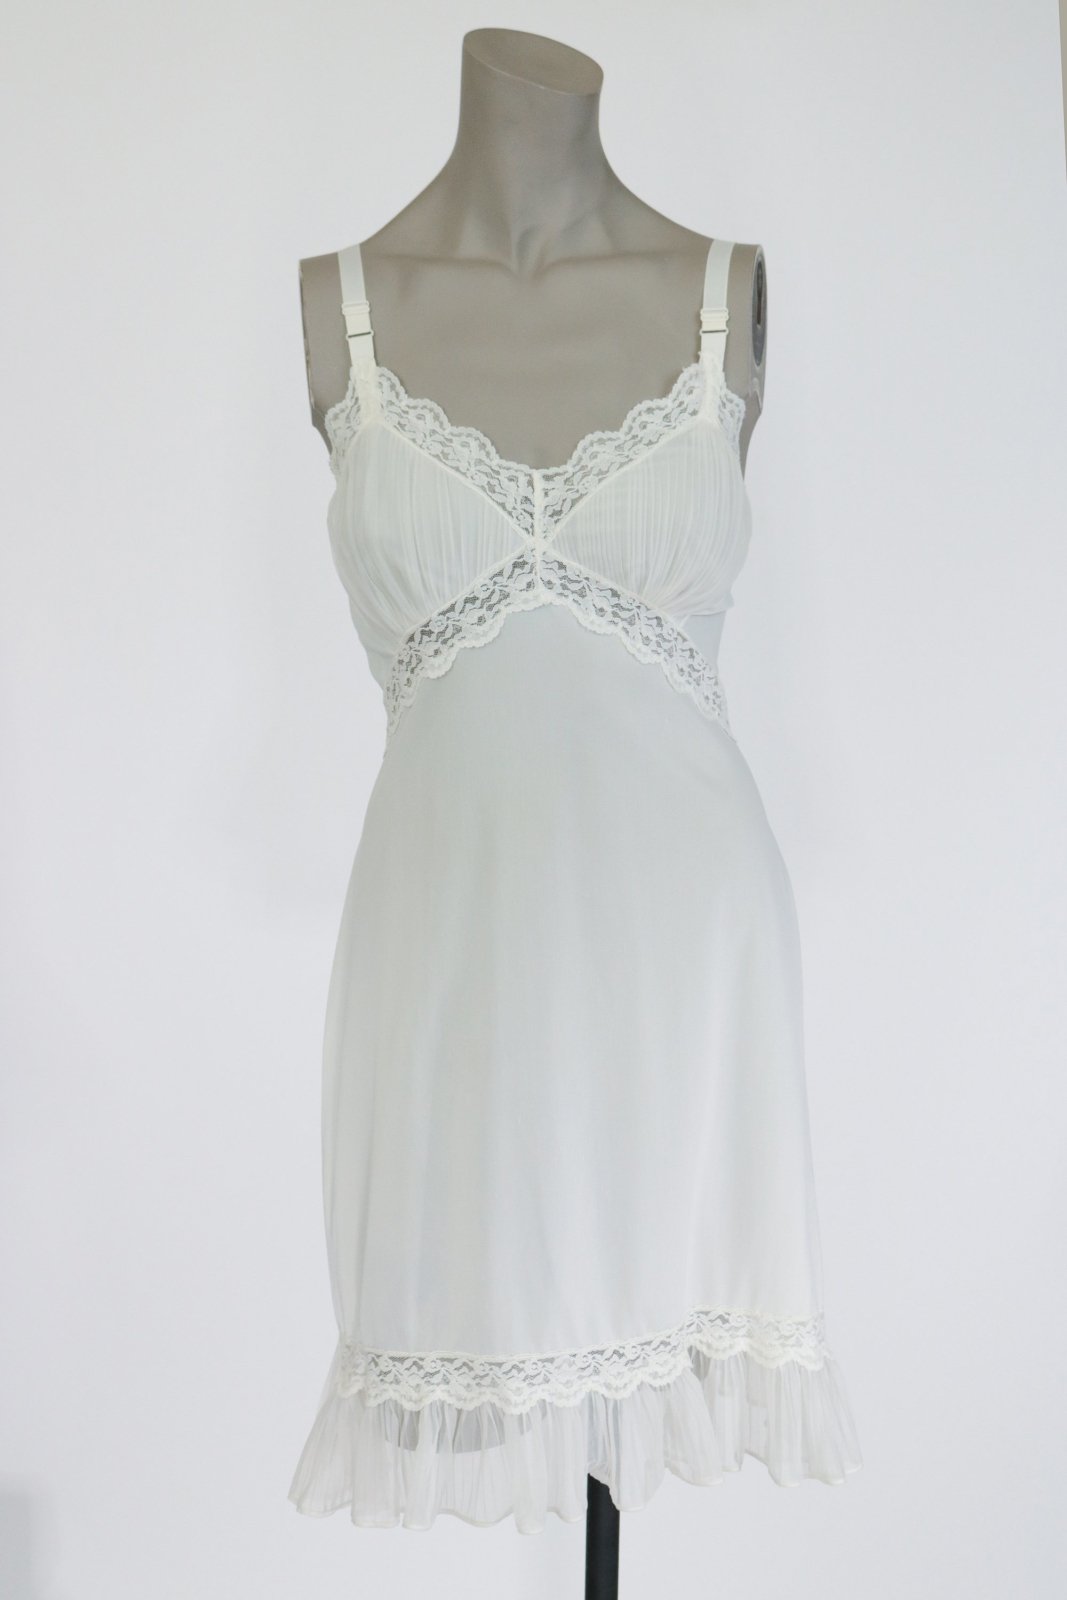 1960s Vintage Nylon White Lace Slip Dress Mini Dress Short Length 
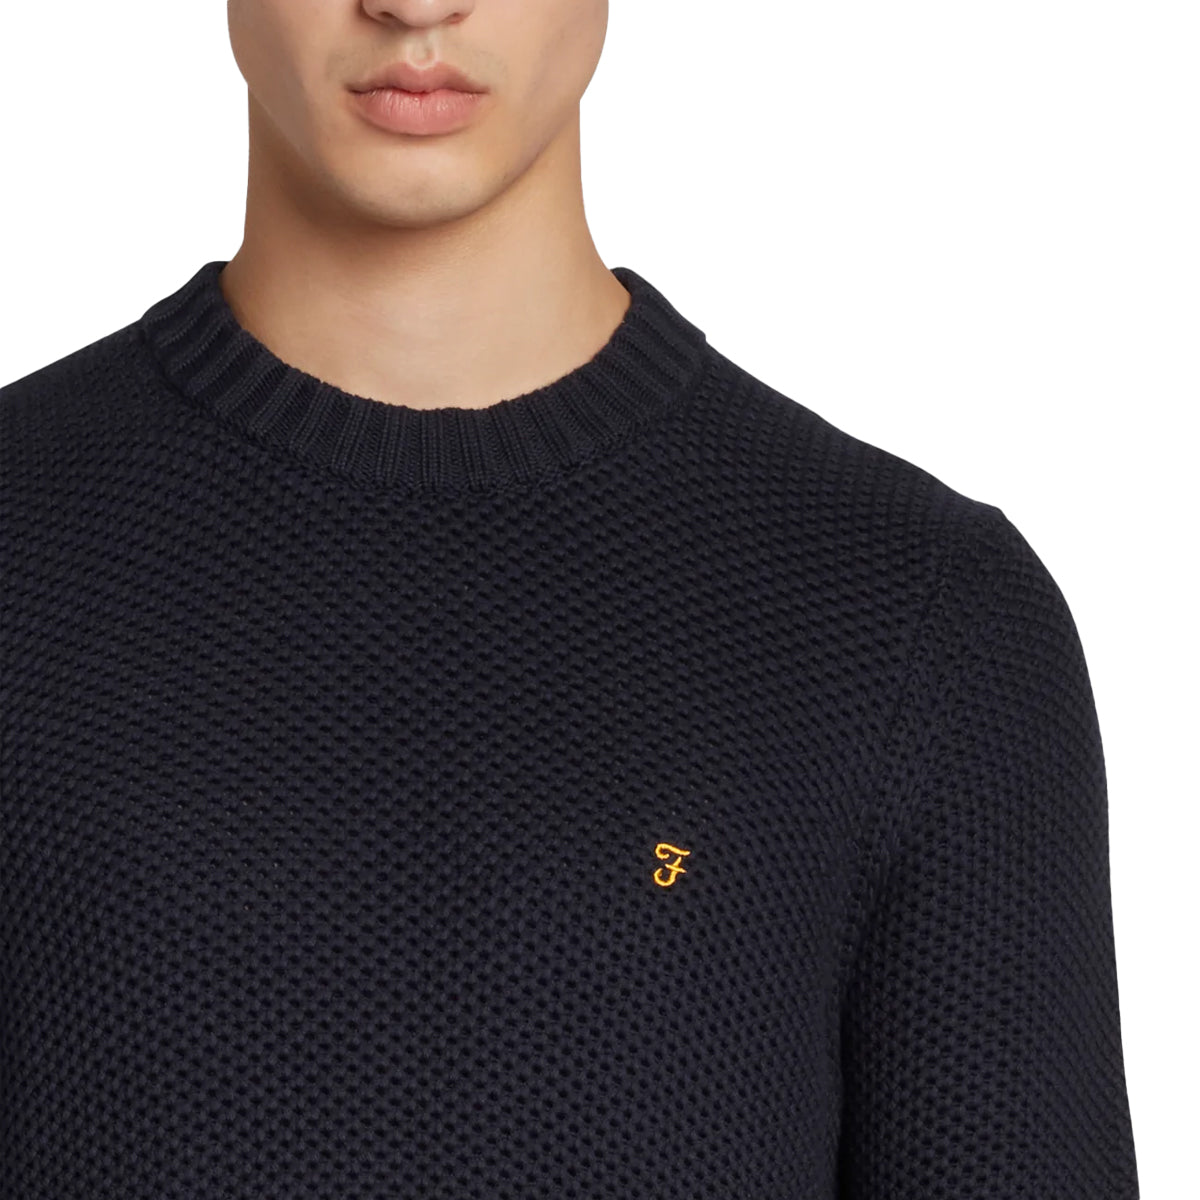 Farah Niseko Honeycomb Sweater - True Navy
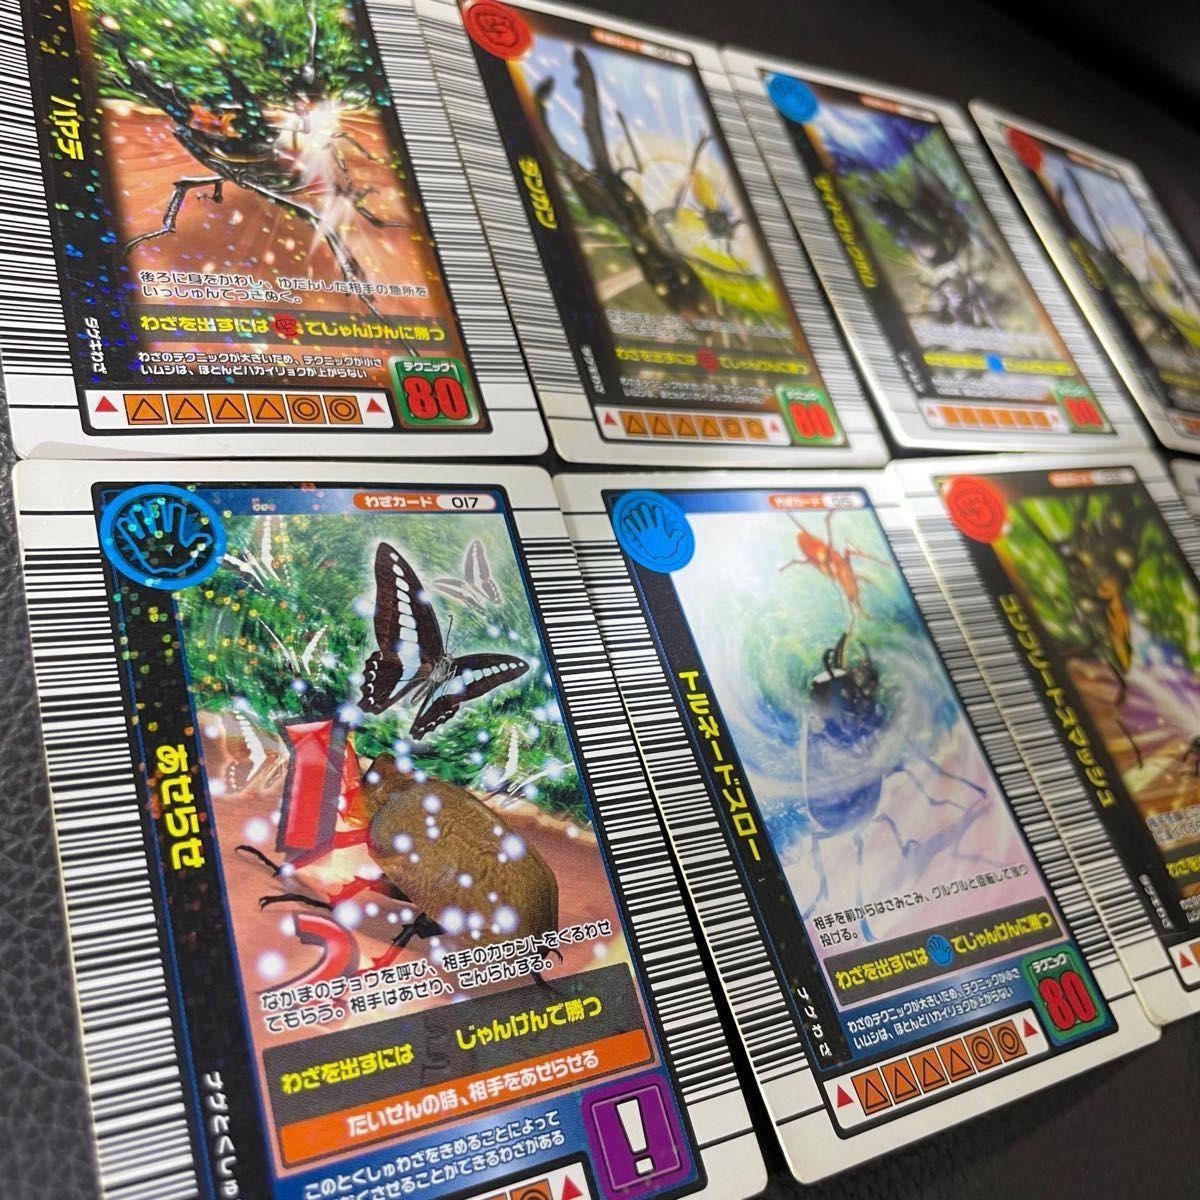 甲虫王者ムシキング カードゲーム 2004-05 夏限定カード ミラーカード 8枚セット カード一覧表付き
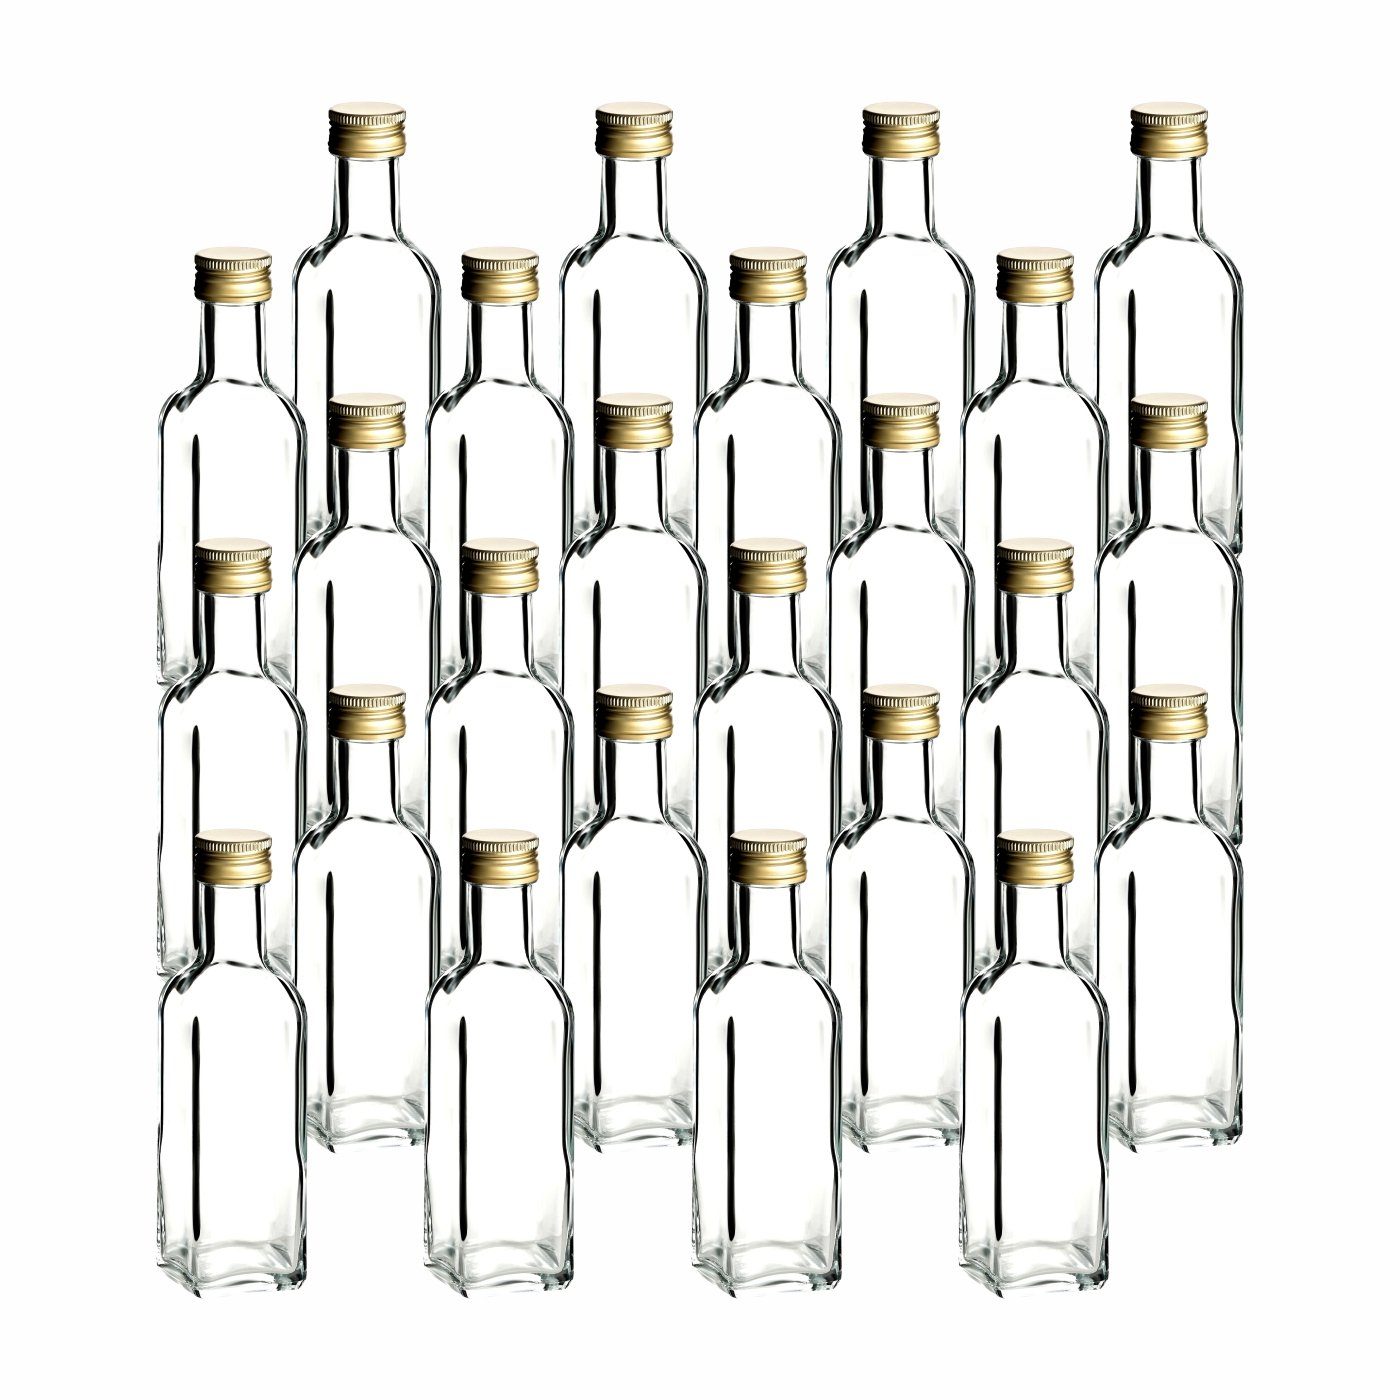 gouveo Trinkflasche Glasflaschen 100 ml Maraska mit Schraub-Deckel - Kleine Flasche 0,1l, 24er Set, transparent-goldfarben transparent - goldfarben

------

◆ Exercise objective:
Leave the pictures out and print the whole listing precisely.

◆ Answer section:
 1960s Vintage Nylon White Lace Slip Dress Mini Dress Short Length 
 Farah Niseko Honeycomb Sweater - True Navy
 甲虫王者ムシキング カードゲーム 2004-05 夏限定カード ミラーカード 8枚セット カード一覧表付き
 gouveo Trinkflasche Glasflaschen 100 ml Maraska mit Schraub-Deckel - Kleine Flasche 0,1l, 24er Set, transparent-goldfarben transparent - goldfarben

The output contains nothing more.